Charles R. Allen
2016-06-12
The magic of n-gram prediction models
User input on devices lacking a full-sized keyboard benefit greatly from reduced effort of expressing English language words.
Given the large corpus of human-generated text out there, it is desirable that a machine can ease experience of typing on a device not designed for a large quantity of text input.
In order to make such a system usable, reasonable Natural Language Processing needs to be in place, and the capability to pre-process large quantities of data into smaller mobile-friendly chunks needs developed.
This body of work presents the methods and results of such a system.
The raw data is tokenized and cleaned in the following ways:
SwiftKey provided a corpus of tweets, blog posts, and news stories for analysis. It contains 150,000 unique words over more than 3 million lines of text! This corpus is processed in a Big Data friendly way with Spark. App hosting is accomplished through shinyapps. R allows reasonable flexability in creating interactive statistic apps.
Prediction is accomplished int he R appliation with a smiple backoff model, whereby the tailing n-gram's next word is judged by its occurance previously. Prediction is judged initially by an input's terminal tri-gram. If an entry is found in the tri-gram to quad-gram mapping, it is used for prediction. Else, if the termina bi-gram is found in the bi-gram to tri-gram mapping, it is used for prediction. Else if the terminal word is used in the word to bi-gram mapping, it is used for prediction. Else a simple word count is used to predict the user's next input.

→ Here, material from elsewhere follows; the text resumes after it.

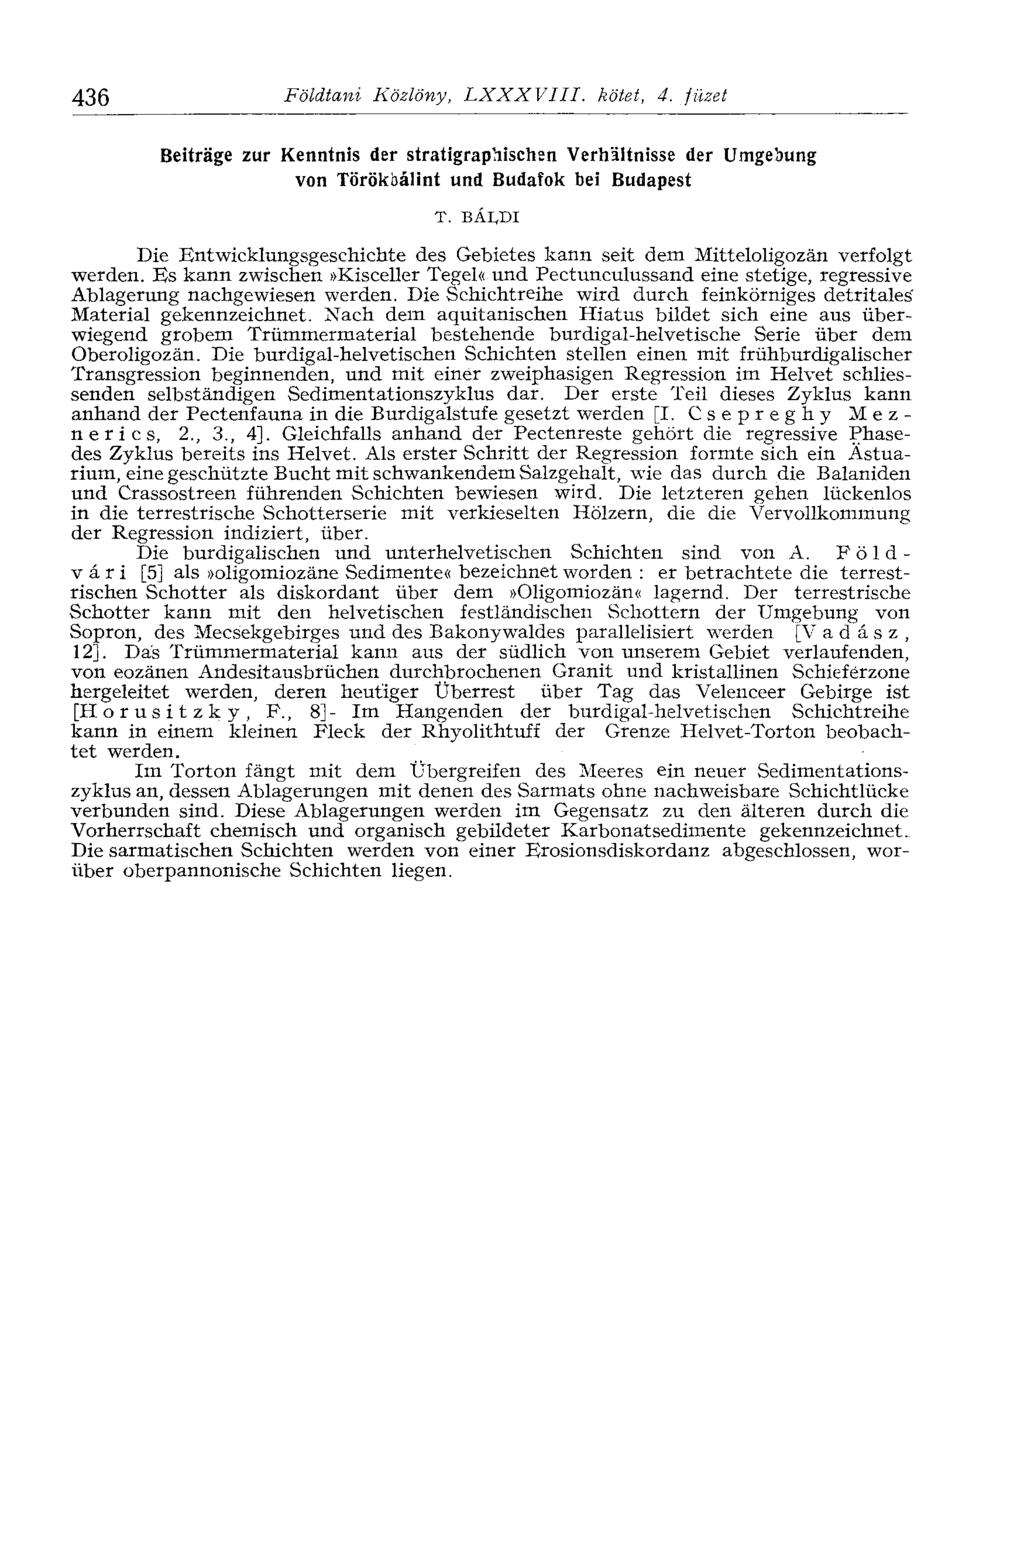 436 Földtani Közlöny, LXXXVIII. kötet, 4. füzet Beiträge zur Kenntnis der stratigraphischen Verhältnisse der Umgebung von Törökbálint und Budafok bei Т.

The app implements the preceeding methodology on the SwiftKey provided corpus. The result is a simple app that effectively becomes a run-on sentence generator. The app can be found at https://allen-net.shinyapps.io/CourseraSwiftKeyNGramPredictor. The raw data, comprising over 500MB is stored in highly refined form for consumption by the app into a data file of only 17MB! making it suitable to be used on mobile applications.
Any user wishing to see what other words may have been choosen may do so by enabling a checkbox. A dynamic Kneser-Ney smoothing to get the probability weight of the resulting words can be enabled, but is computationally expensive so off by default and is intended primarily as a teaching and learning aid rather than a major feature of the prediction.